Ubuntu is everywhere. You heard it right?!
Here is the simple breakdown about the various applications packaging services:
Rocks and Rockcraft:
Rocks: Think of Rocks as a new generation of secure, minimal, and OCI-compliant container images built on Ubuntu. They are designed to be lean and specific. They contain only what is necessary for an application to run, which reduces the attack surface and improves efficiency.
Rockcraft: This is the tool used to build Rocks. It automates the process of creating these container images, handling many complex steps. This lets developers focus on defining the content of the application. It makes building production-grade container images easier for everyone.
Snaps and Snapcraft:
Snaps: These are self-contained software packages that work across many different Linux distributions. Imagine an app package that includes the application and all its dependencies, so it just works out of the box, no matter what Linux version you’re using. They run in a secure, isolated environment, a sandbox.
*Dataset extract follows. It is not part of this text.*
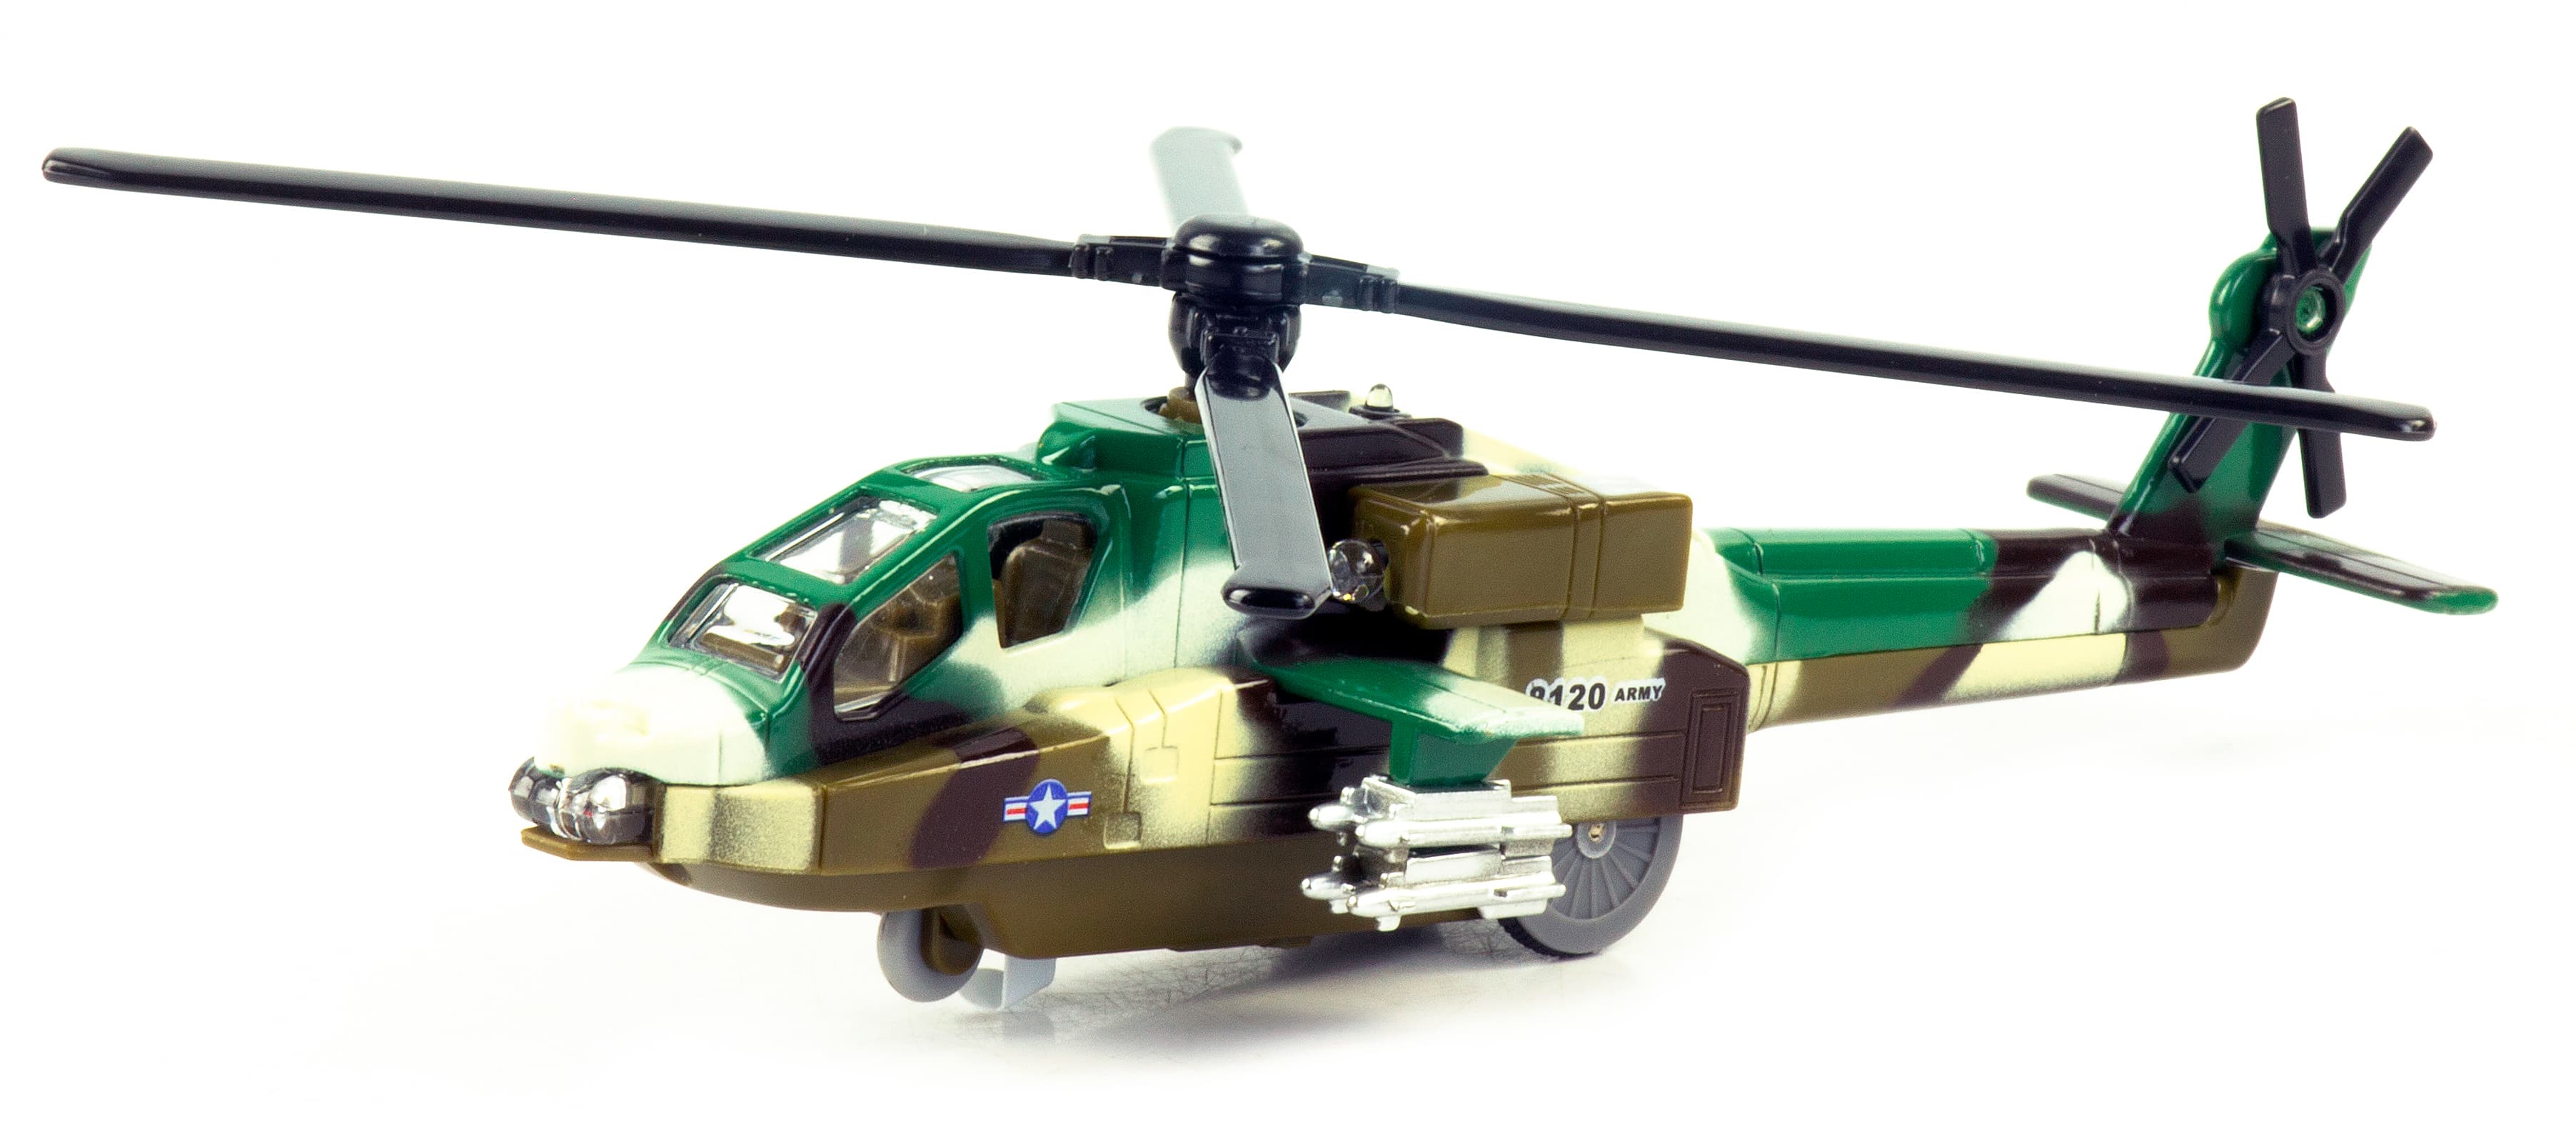 Металлический военный вертолет «Sonic Gunship» 22 см. 8120D-3, инерционный, свет, звук

Snapcraft: This is the tool for developers to create Snap packages. It helps you bundle your application and its dependencies into a single .snap file, making it easy to distribute to users.
Charms and Charmcraft:
Charms: These are essentially operators or automation scripts that hold the operational knowledge for deploying, configuring, scaling, and integrating applications. Think of them as the brains that know how to run and manage a specific piece of software, like a database or a web server, on various infrastructures like Kubernetes, VMs, or bare metal. They go beyond just installation; they manage the entire lifecycle.
Charmcraft: This is the tool used to build Charms. It provides the framework and utilities for developers to write these operational automation scripts. This allows them to define how an application should be managed clearly.
Juju:
Juju is an open-source orchestration engine that uses Charms to deploy, integrate, and manage applications at any scale across different infrastructures like public clouds, private clouds, Kubernetes, VMs, or bare metal. It acts as a modeling tool. You can define complex application setups, such as a web application connected to a database and a load balancer, and deploy and manage them easily. Juju leverages Charms to automate the entire lifecycle of these applications and their interactions.
Container Build Service:
Canonical’s Container Build Service is a commercial offering where Canonical builds, tests, and maintains custom container images for enterprises. If you need specific open-source software containerized and want long-term support, including security updates, dependency management, and ongoing maintenance, Canonical’s service will handle it for you. It allows businesses to obtain secure, optimized, and fully supported container images without managing the build and maintenance process themselves.